Читаем Владимир Яхонтов полностью

Но когда кладешь перед собой старую программку, записи воспоминаний очевидцев и собственные, к счастью, уцелевшие дневники еще и еще раз удивляешься чуткости художника. На этот раз вне всякой опоры на труды исследователей (литературоведческих работ о Есенине не было) он в потоке есенинской поэзии отобрал самое существенное. Не самое «выгодное» для себя как для исполнителя, а самое главное для поэта, художника, философа.

Есенин — философ? В той же мере, в какой можно говорить о Яхонтове, как об исследователе. Поэтическое познание жизни соприкасается с философским. Современная литературоведческая мысль докапывается до философской основы есенинской поэзии. В отборе, расположении и трактовке стихов Яхонтов в свое время обогнал теоретиков, не говоря уже о чтецах, эксплуатировавших лишь самые популярные из есенинских мотивов. Он заглянул гораздо глубже, притронулся к связям Есенина с классической поэзией, с народным творчеством, раскрыл ту «узловую завязь» с природой, которая сегодня изучается как уникальное свойство Есенина и первооснова его поэтического самосознания.

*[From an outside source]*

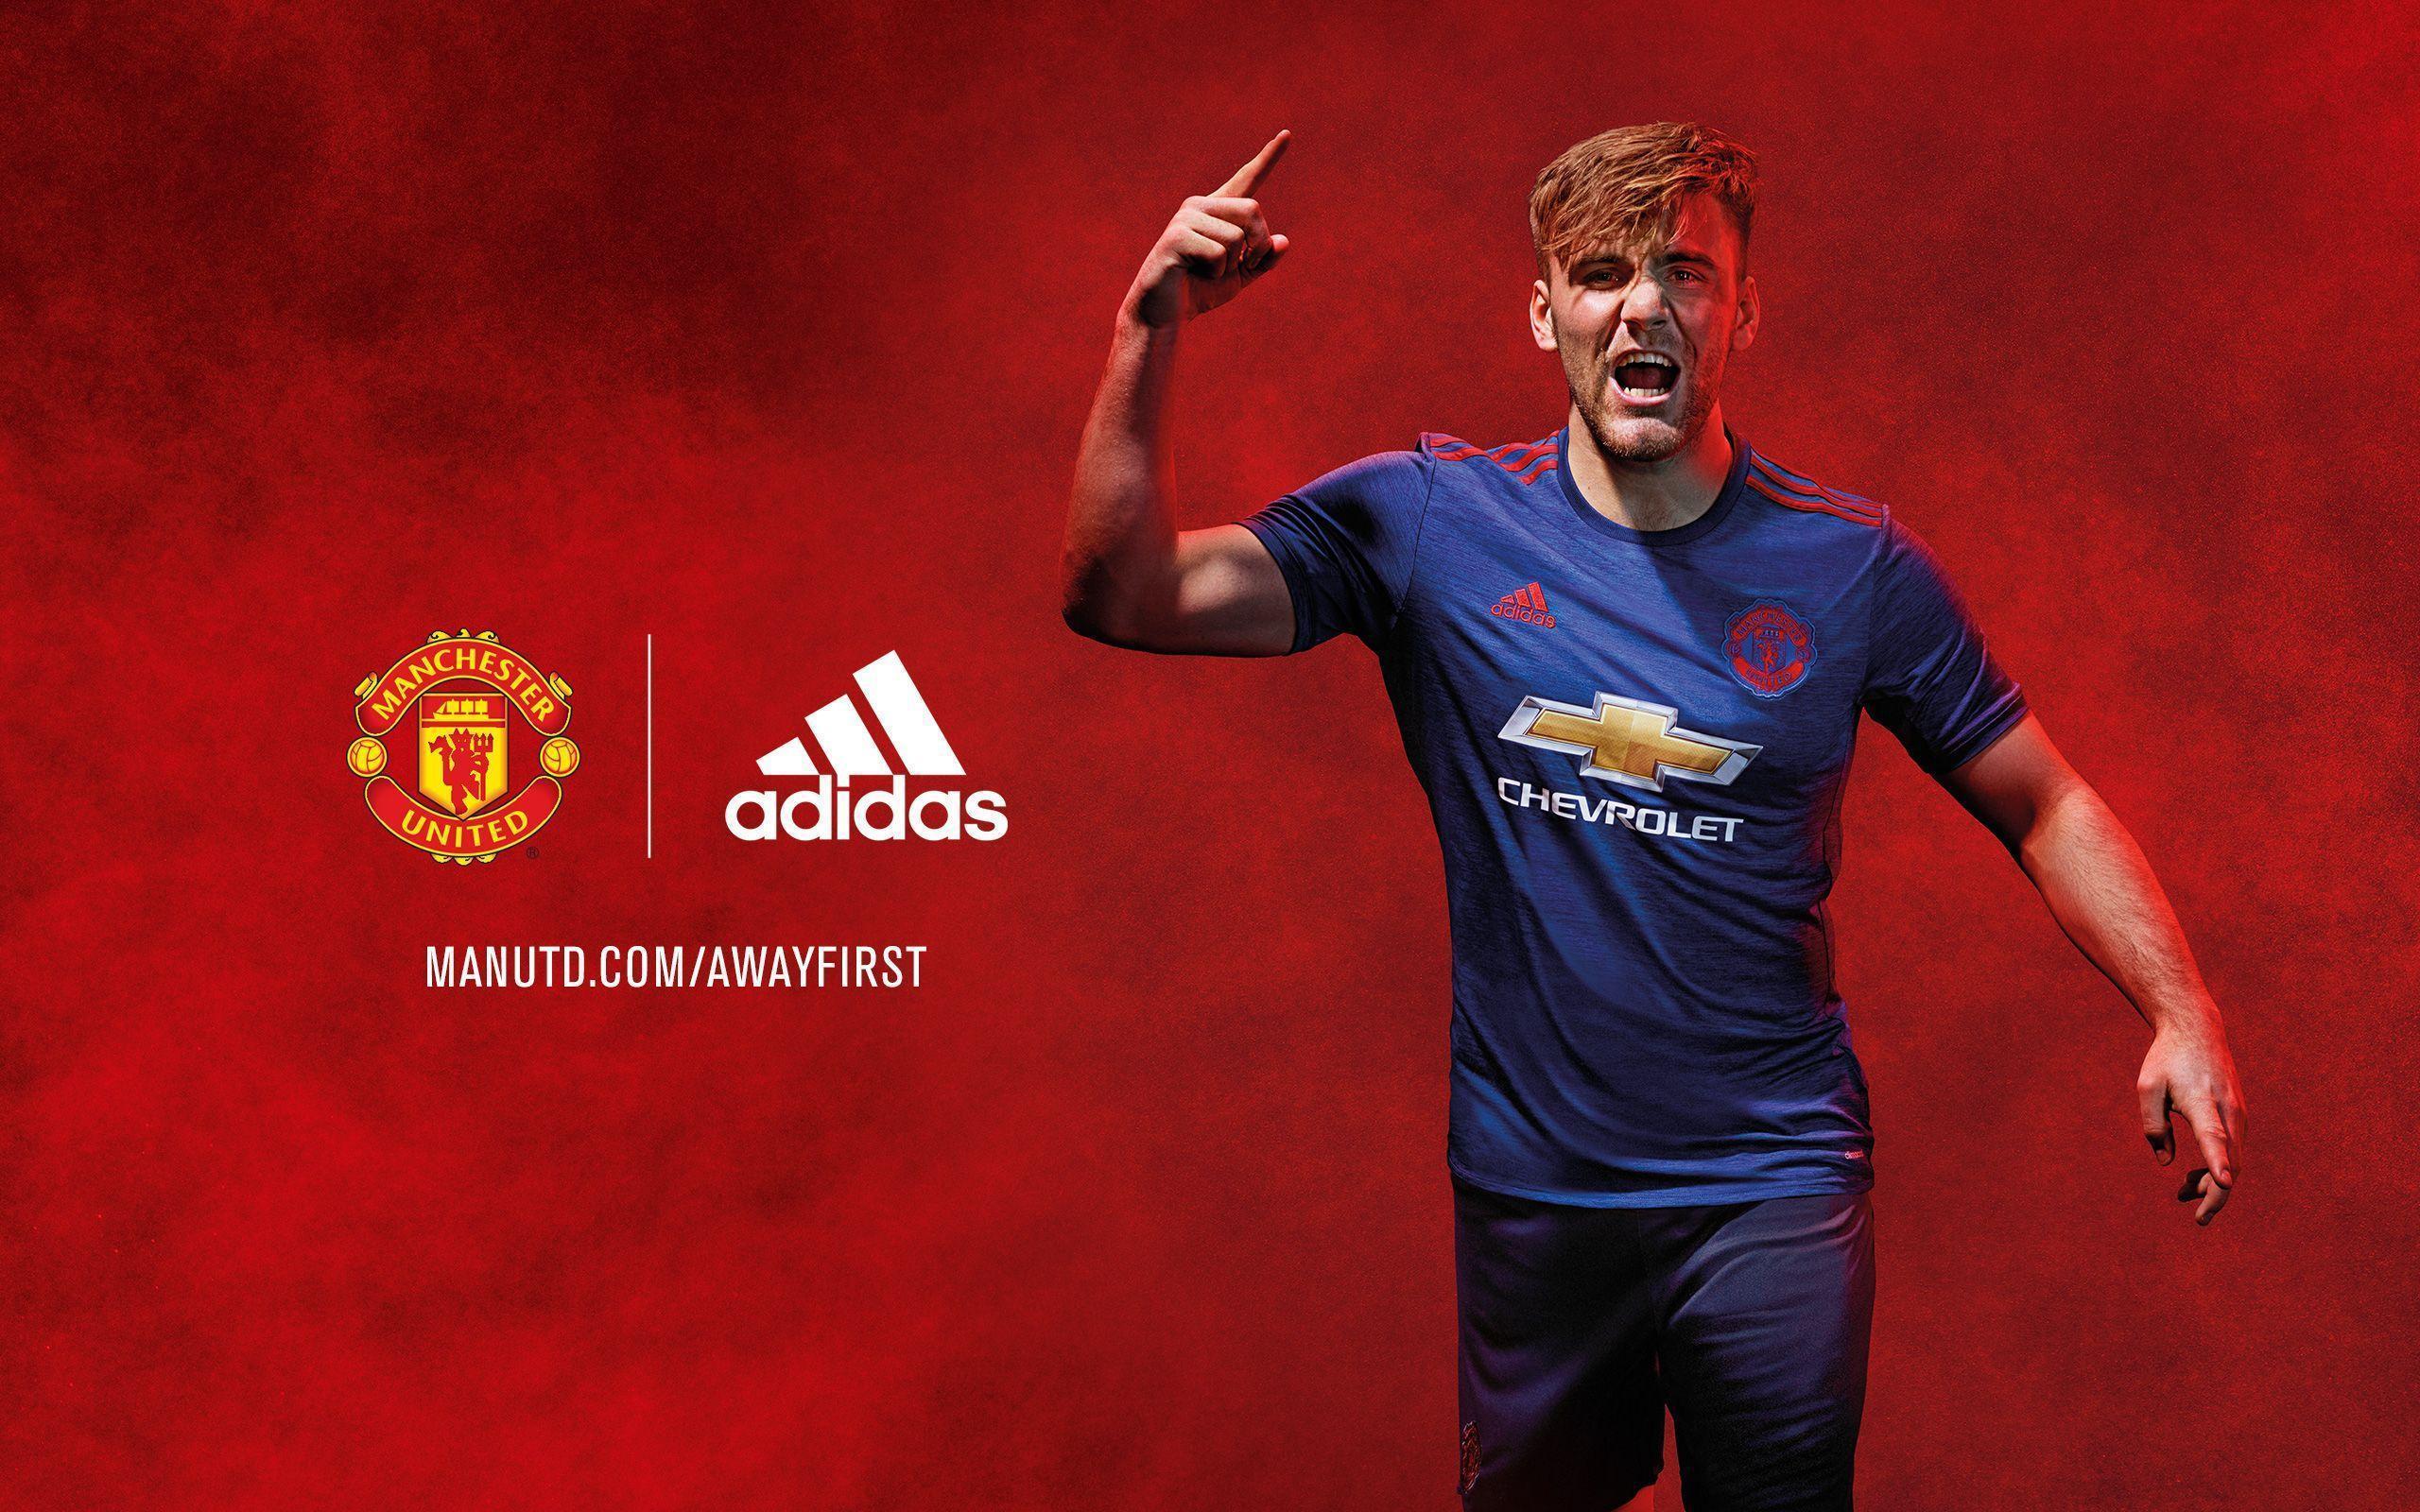 New kit wallpaper Manchester United Website
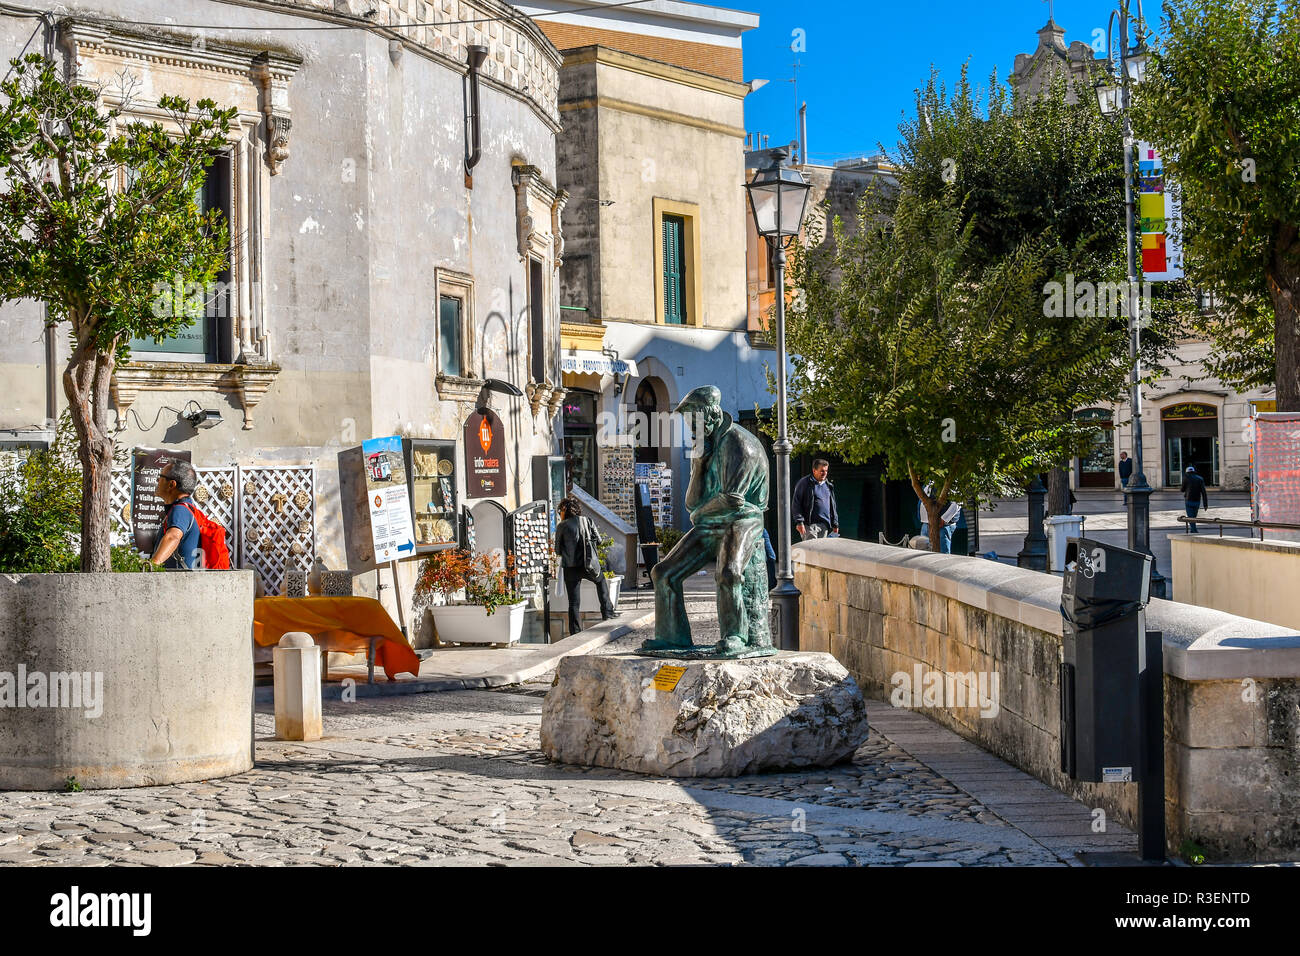 Le persone passano in negozi di souvenir vicino alla statua di bronzo di un uomo di pensiero nella Piazza Vittorio Veneto di Matera, Italia, nella regione Basilicata Foto Stock

Последнее может удивить. Яхонтов — типично городской житель, представитель городской профессии. Он никогда особенно не тянулся к природе. Его легко представить на подмостках сцены, на Тверском бульваре, на Невском проспекте, но он с трудом вписывается даже в тот волжский пейзаж, который окружал его детство. Есенин, напротив, — весь природа, как сказал Горький, «Не столько человек, сколько орган, созданный природой исключительно… для выражения неисчерпаемой „печали полей“, любви ко всему живому в мире и милосердия». Поэт — посредник между природой и людьми. Артист — тоже своеобразный орган, посредник, инструмент, достоинства которого в передаче чужих звуков как своих собственных. Для Есенина первоисточник и первооснова — природа. Для Яхонтова — сам Есенин, его поэзия. И «городской» человек-артист стал посредником между поэзией Есенина и слушателями.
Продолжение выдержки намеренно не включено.